Zambian villagers allowed to take legal action against mining giant in UK
High Court judge allows 1,826 Zambian villagers to take legal action against mining giant Vedanta Resources Plc through the UK Courts
Posted on 27 May 2016
A High Court judge has agreed that a legal claim against UK based mining giant Vedanta Resources Plc and its subsidiary Konkola Copper Mines (KCM), on behalf of 1,826 Zambian villagers can proceed in the UK Courts.
In his ruling, handed down today, Mr Justice Coulson granted jurisdiction over the claims, which involve allegations of serious environmental pollution, and rejected the Defendants’ arguments that the cases must be brought in Zambia.
The judgment follows a hearing in April this year where the court heard arguments from the Defendants, Vedanta, one of the UK’s largest mining companies with an asset base of US$37 billion, and its Zambian subsidiary KCM, against the jurisdiction of the English courts to try the claims.
Both UK-based Vedanta and Zambian KCM argued that the UK court had no jurisdiction to try the claims against them. Lawyers for the mining companies argued that the claims against both Defendants should be tried in Zambia because the Claimants are Zambian and the damage occurred in Zambia.
However, Leigh Day, the lawyers for the claimants, argued that the cases should be tried by the English courts. They argued that under EU law the Claimants had a legal right to bring a claim against UK-based Vedanta. They also argued that Vedanta should bear equal legal responsibility, given its control over its mining subsidiary, the profit it makes from the mine and its alleged knowledge of the pollution.
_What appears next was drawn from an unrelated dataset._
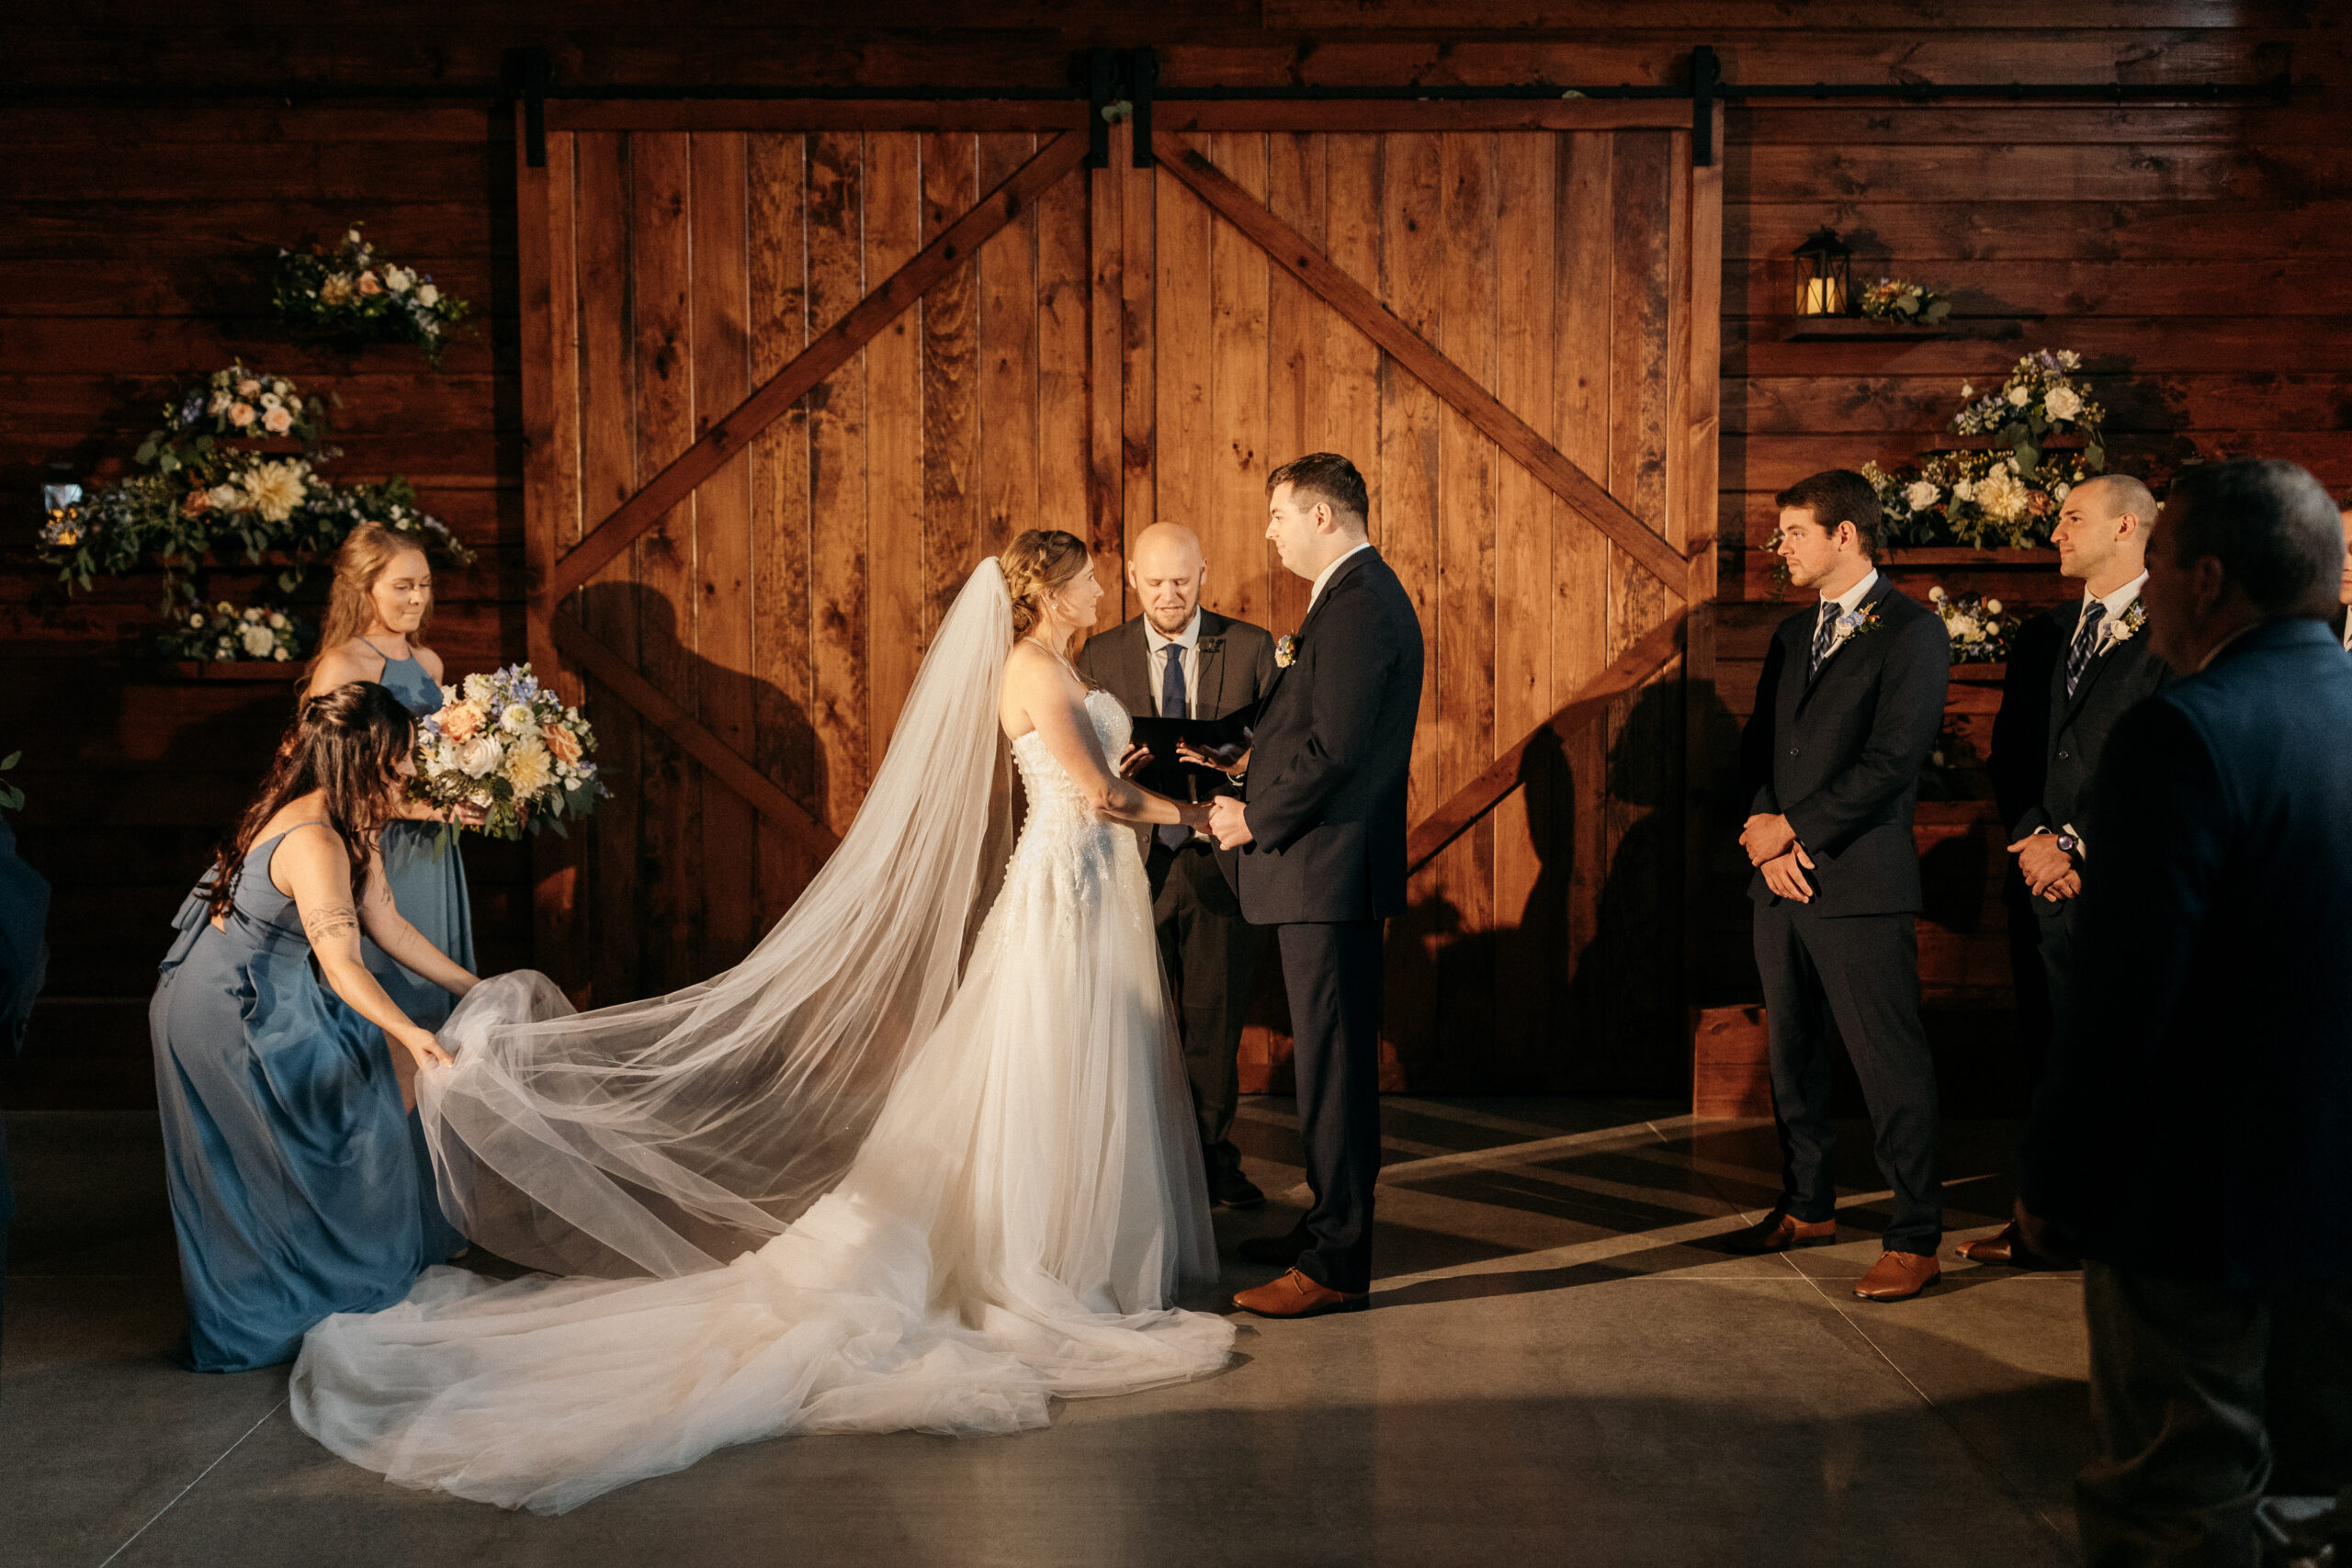 Bride and Groom saying I do at the alter in a rustic barn setting. The maid of honor holding up the bride's veil and the bride and groom holding hands, looking into each others eyes.

The Claimants’ lawyers further argued that KCM was a necessary and proper party to the claims and that there was a real risk that they would not achieve justice if the claims are not tried in the UK.
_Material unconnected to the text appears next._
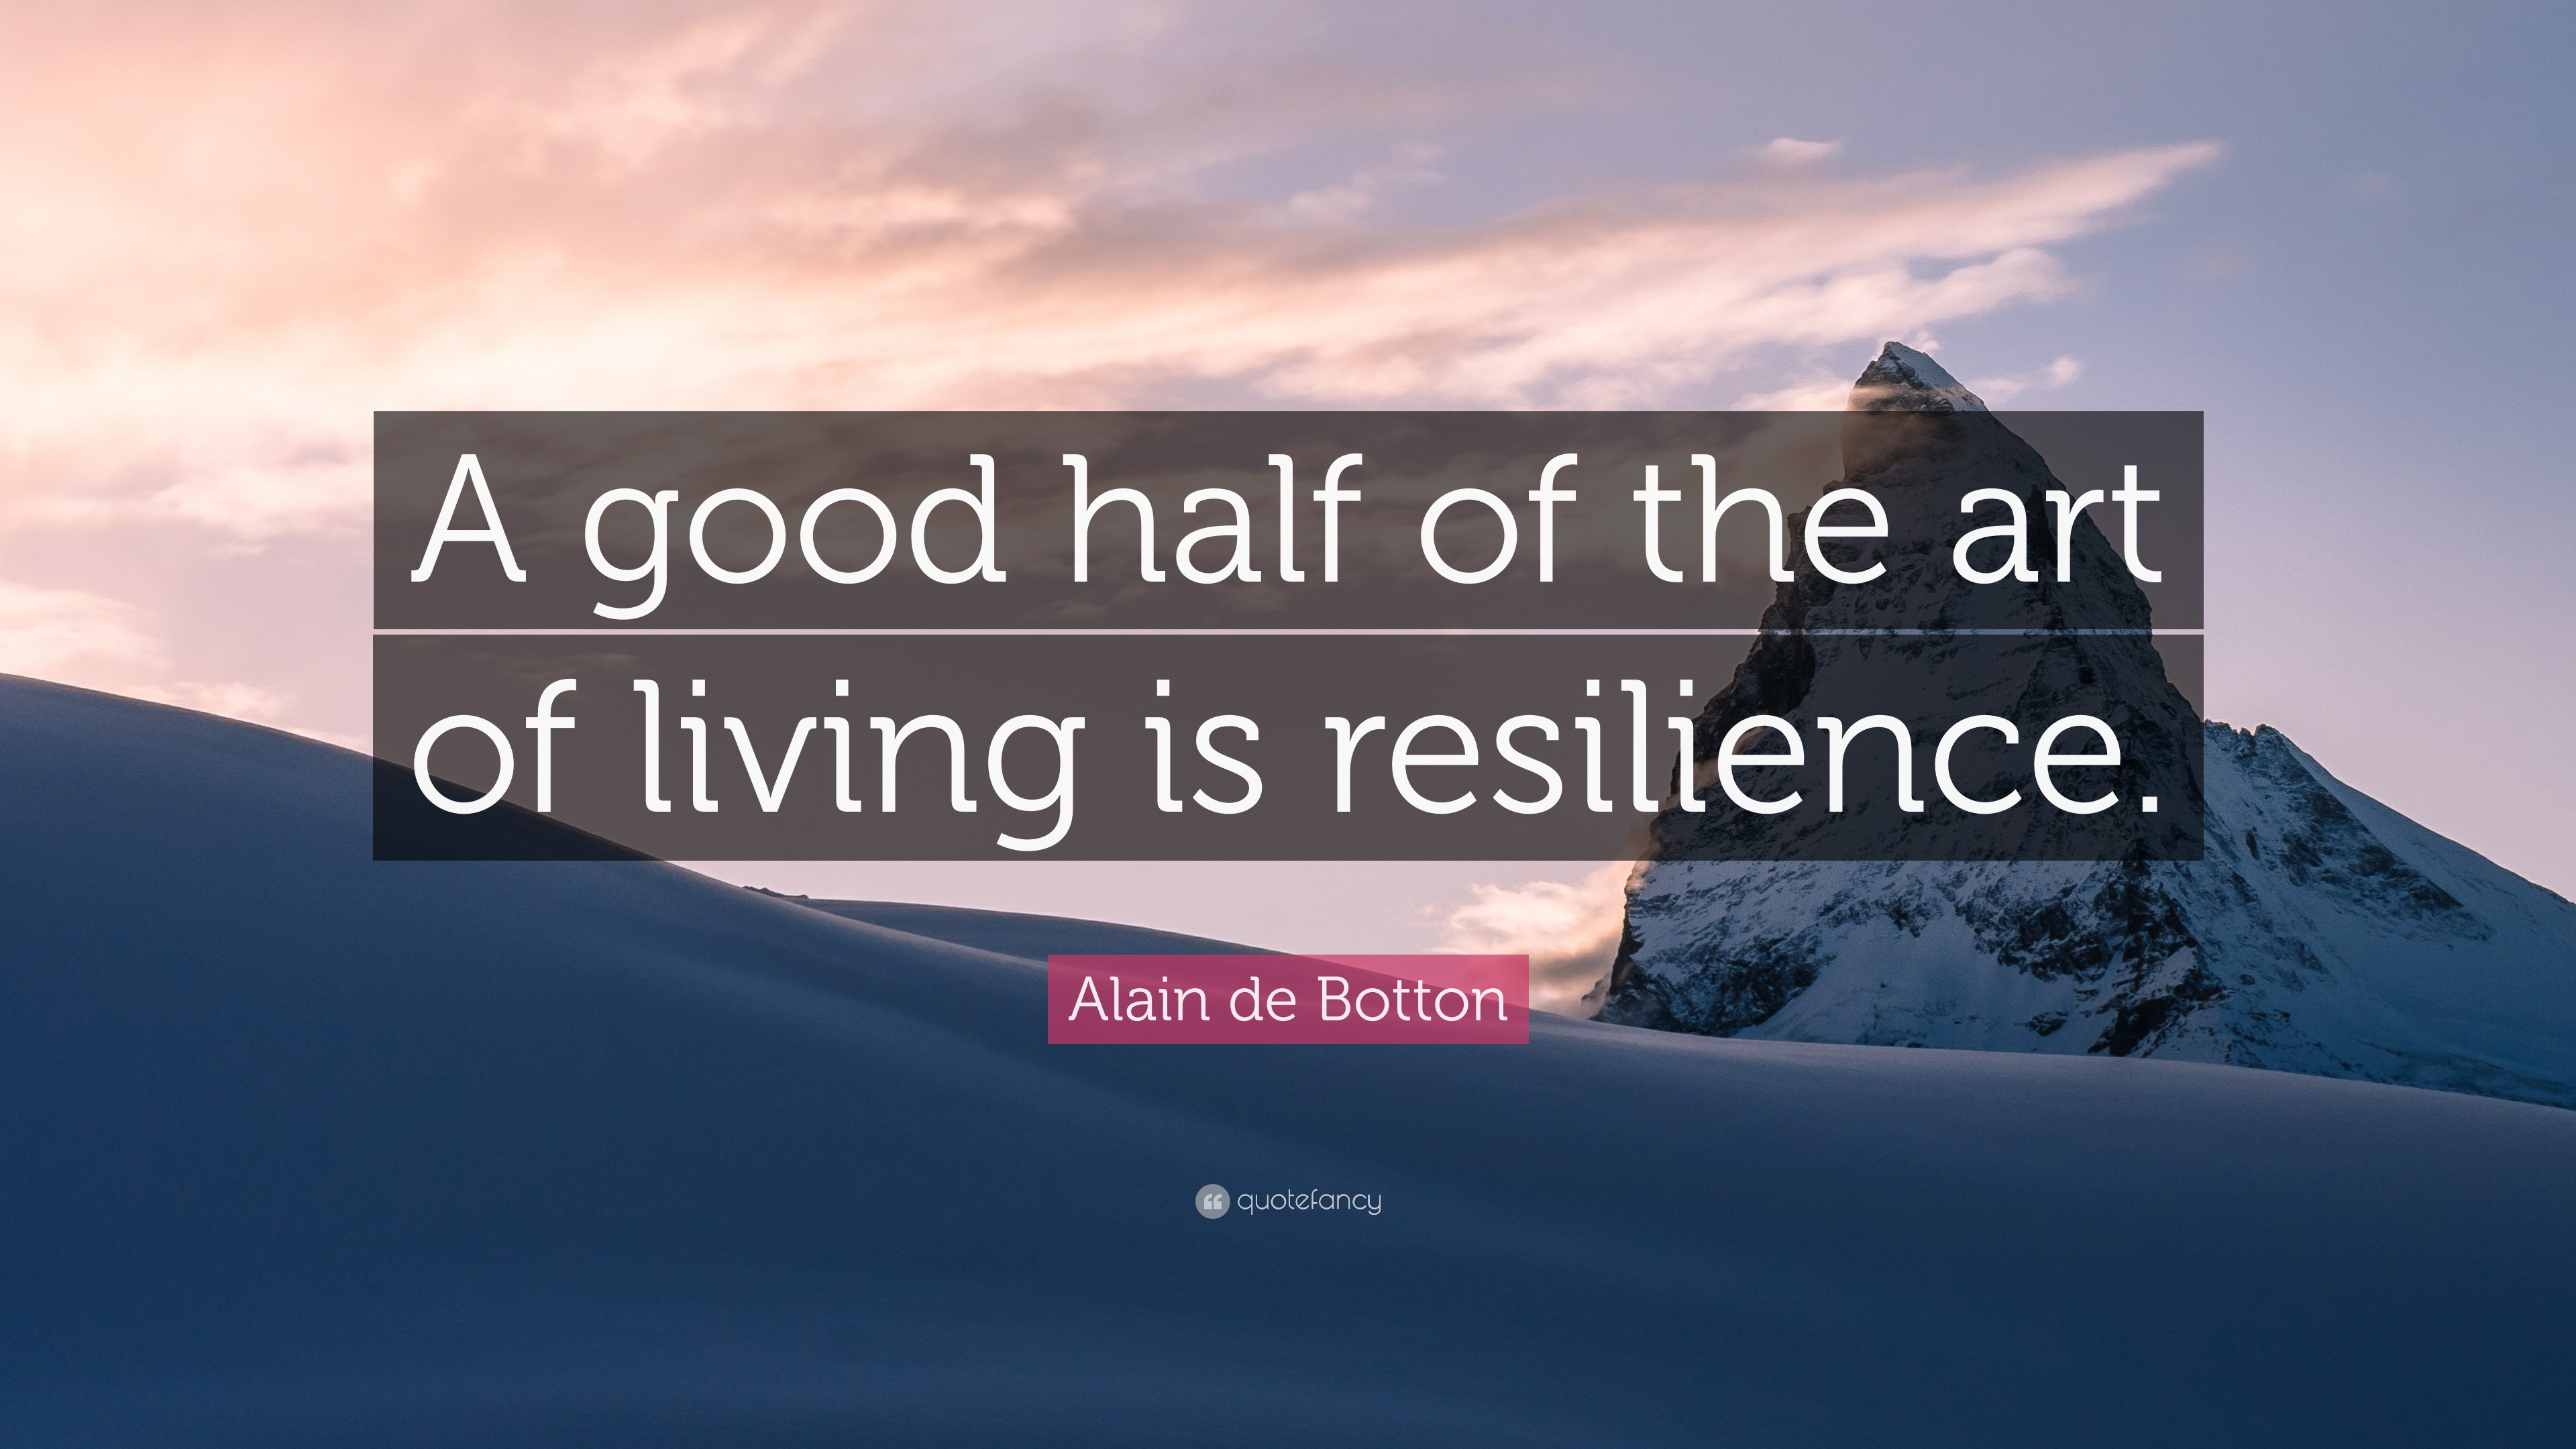 Alain de Botton Quote: “A good half of the art of living is resilience.”

Mr Justice Coulson rejected the arguments of both Defendants. He agreed that the Claimants had a legal right to bring their claim against the UK company Vedanta under EU law, upholding the EU case of Owusu and finding that it applied to group action claims.
In his judgment Mr Justice Coulson also referred to the judgment in U & M Mining Zambia Ltd v Konkola Copper Mines PLC (2014) where the English court had previously found that KCM had repeatedly acted in a dishonest and unjustified manner.
Mr Justice Coulson commented on the fact that KCM relied on evidence from a witness who had previously been found to be dishonest.
Mr Justice Coulson also stated “KCM may not be able to honour their debts as they fall due” and therefore “a claim against the much wealthier parent company is justified on practical terms too” (paragraph 81 of the judgment).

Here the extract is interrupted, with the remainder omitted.